Seanad debates

Tuesday, 21 February 2012

2:30 pm

Photo of David NorrisDavid Norris (Independent)

First, I congratulate the Taoiseach on his knowledge of geography. He has apparently discovered that Greece is not Ireland and that Ireland is not Greece and he is quite right. Ireland did not build the Acropolis, the Parthenon, start the Olympic Games, invent geometry, give us the art of philosophy and I dare to mention Plato and Socrates, despite the fact that some insects from Mr. Murdoch's grub street might take me to task for that. The Greeks are Europeans and we need to stand in solidarity with them and to fight those institutions that corrupted them or helped them to corrupt themselves. I think of the obscene collaboration of Goldman Sachs in cooking the books for which it got $600 million out of the Greek people. We need to stand in solidarity with them.

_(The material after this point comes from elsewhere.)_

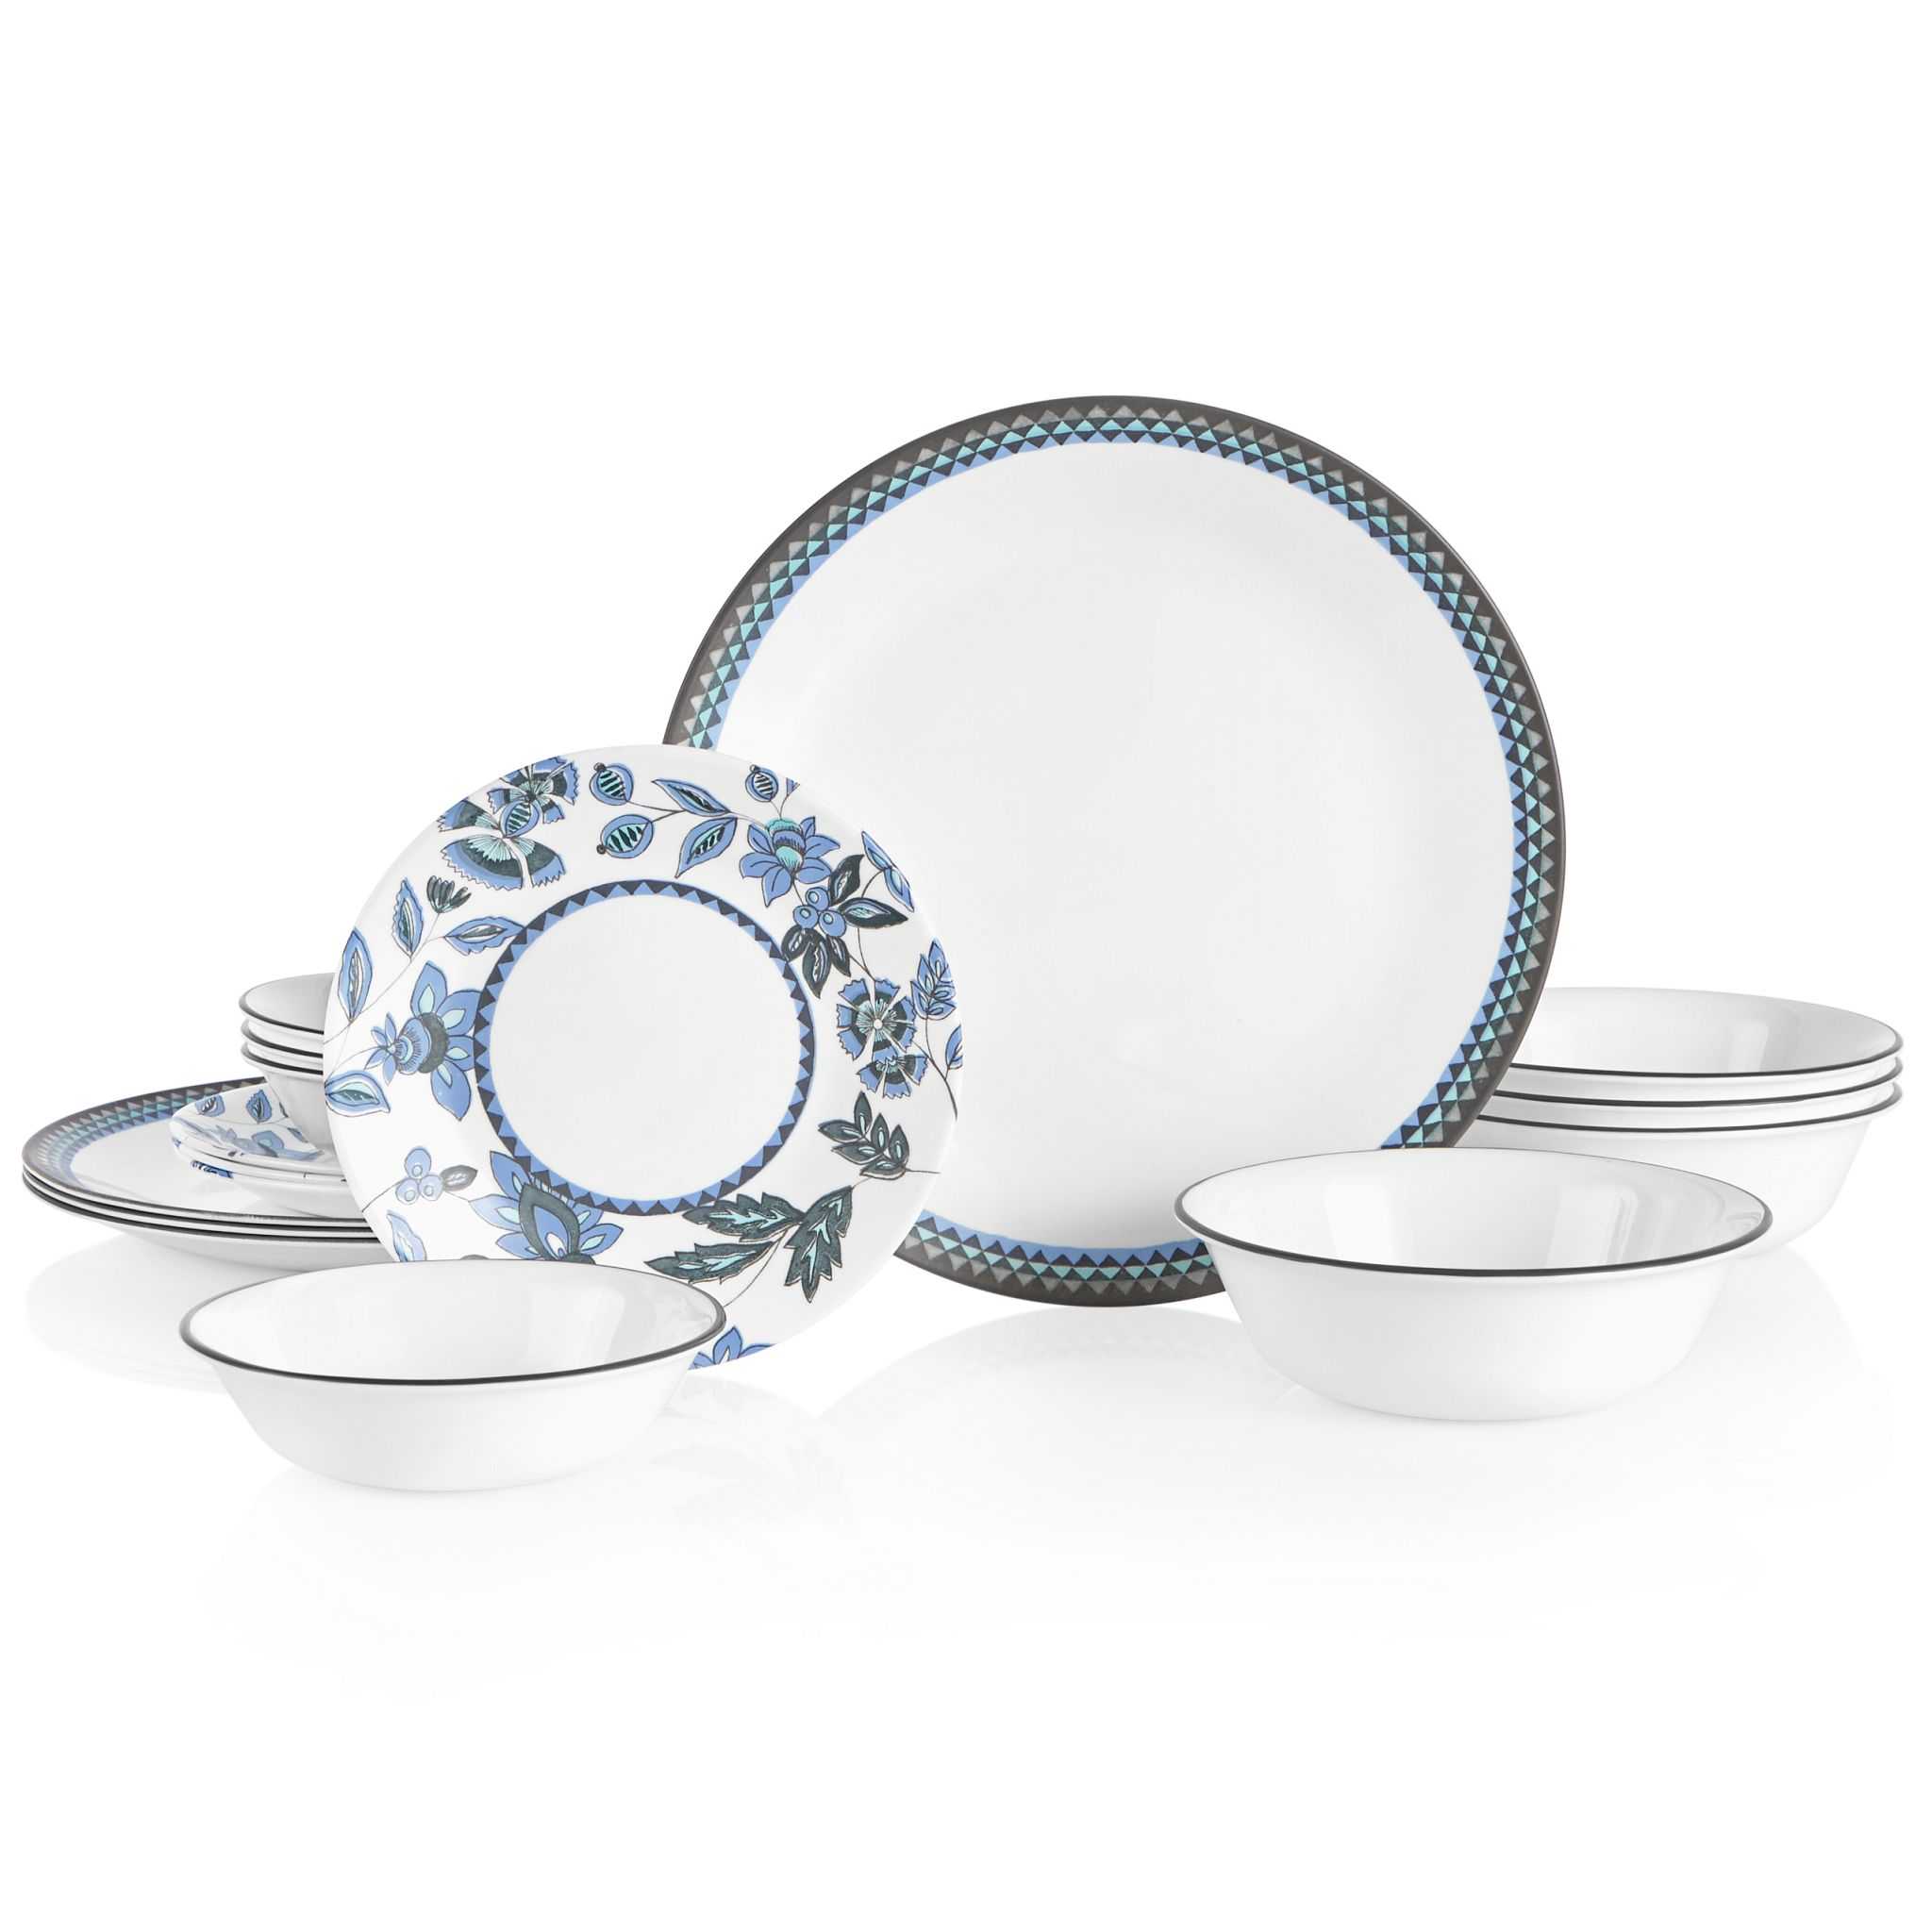 Best Dinnerware Sets That Combine Quality and Style

In the light of what is going on here I ask my friends in government how will they look the ghost of James Connolly in the eye in 2016 when people are being denied palliative treatment for cancer and drugs that would save their lives. That is the kind of question that need to be asked. Questions did need to be asked of Vice President Jinping. Of course he should be welcomed and it was appropriate to treat him courteously because China is a great and ancient nation. I heard Professor Jerusha McCormack explain the difference in its approach to human rights in a most fascinating way. They consider it more important to serve the people rather than the individual but we put the rights on the individual. There must be some coming together of these things. We have betrayed our people all across Europe. We have neglected the fact that there is an onus and primary responsibility, or a duty of care, on every government to its people. I was ashamed, as an Irishman, that a single Tibetan was arrested because she had one little placard that read "Free Tibet". She was arrested under section 7 of the Criminal Justice Act that states one cannot have any poster that is "offensive, obscene or abusive". What is offensive, abusive or obscene about freedom? I do not understand the arrest. An Irishwoman at the Cliffs of Moher, again a single individual, was denied the right to protest.

I applaud Mr. Kenny's pursuit of trade but he should remember that it was Greece that gave us one other great benefit, democracy. Yes, Greece had the courage to say no to Xerxes. My distinguished college professor, Professor John Dillon, wrote an article in the Sunday Independent stating that when the Greeks said "No" over 2,000 years ago to the bully Xerxes and half the states gave in, Athens and Sparta refused. They defeated an overwhelmingly larger navy at the battle of Salamis. They defeated Xerxes's army on land at Plataea.